In the present research, such heterogeneity is confirmed by the significantly different distribution of the frequencies of the main Hgs HgE, HgJ, HgI, HgG, R1b1c-M269 and R1a1-M17 and by the results from principal component analysis of such frequencies when compared to those from other parts of southern Europe and the Mediterranean, but weakly supported by a more sophisticated AMOVA analysis. This result is likely to be the effect of the contribution of different populations and repeated founder effects and it highlights the complex histories of settlement in this island.
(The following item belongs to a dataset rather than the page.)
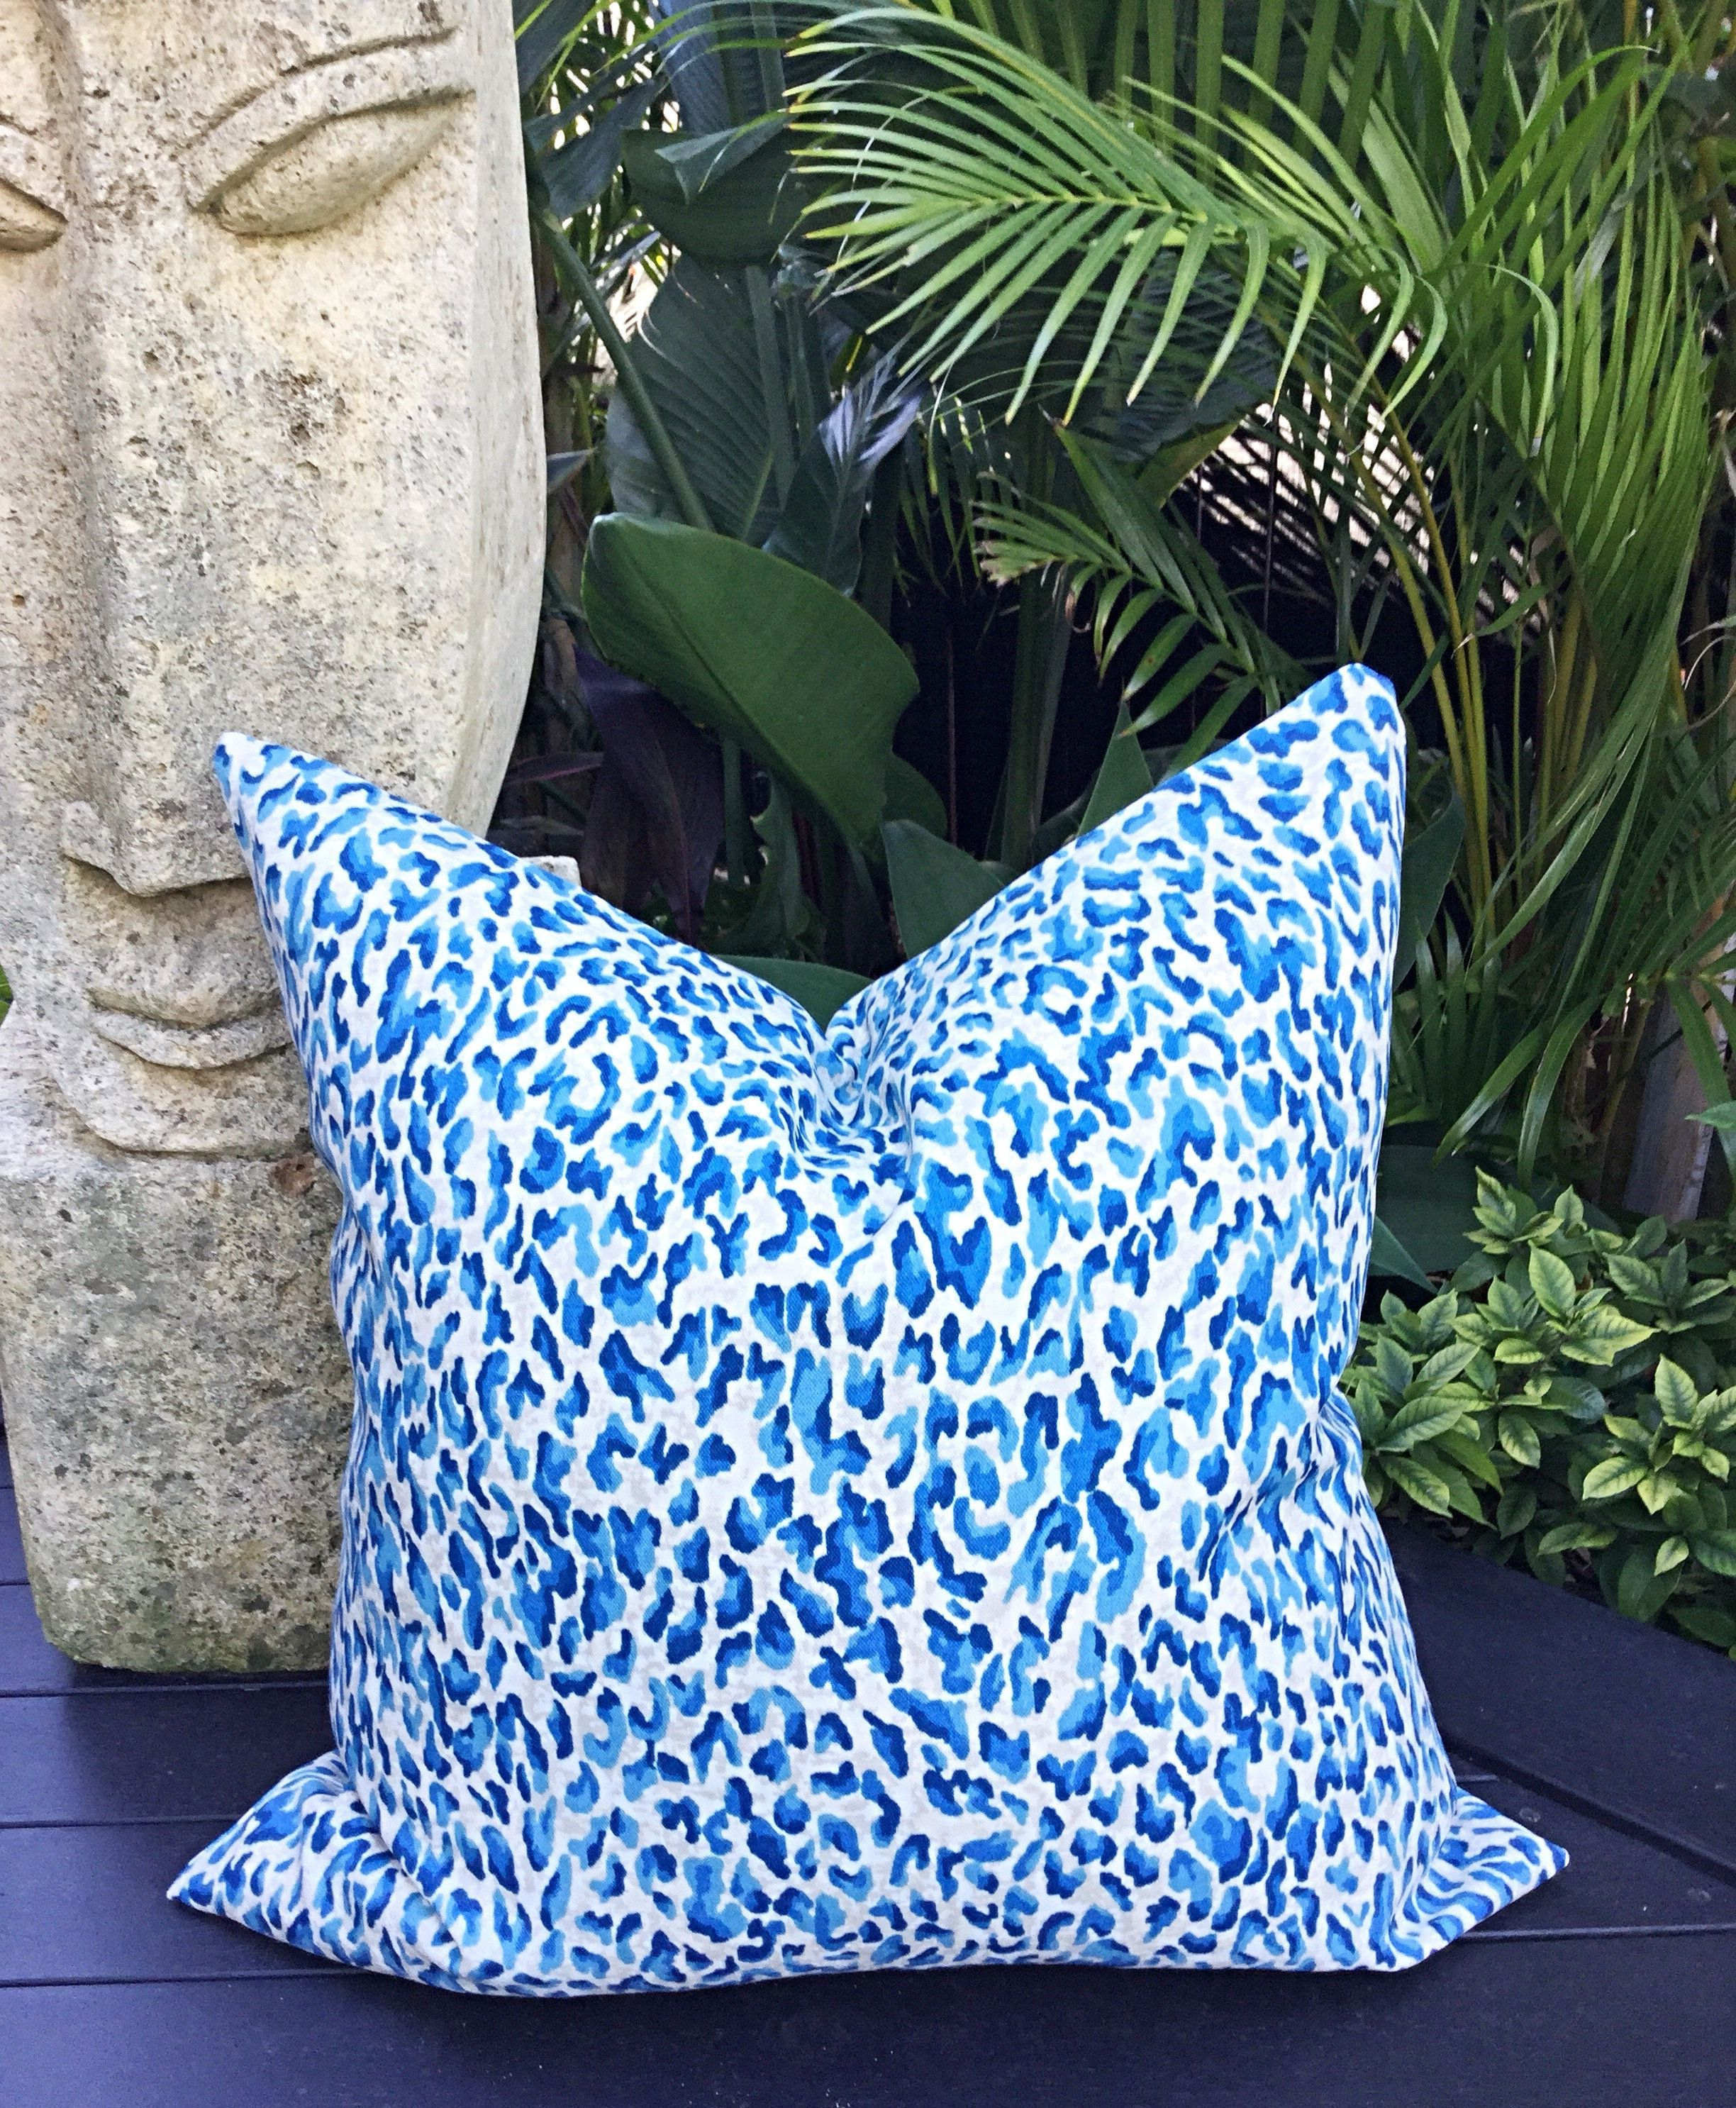 Leopard Print Outdoor Cushions Outdoor Pillows Blue Grey Cushion

The general heterogeneous composition of Hgs seen in our Sicilian data is consistent with similar patterns observed in other major islands of the Mediterranean, like Sardinia (gene diversity 0.801±0.010 SD on 939 samples using 23 Hgs)39 and Crete29, 40 (gene diversity 0.926±0.0006 SD on 193 samples using 29 Hgs),29 possibly reflecting the complex histories of settlements in these islands during the Holocene (Supplementary Table 1).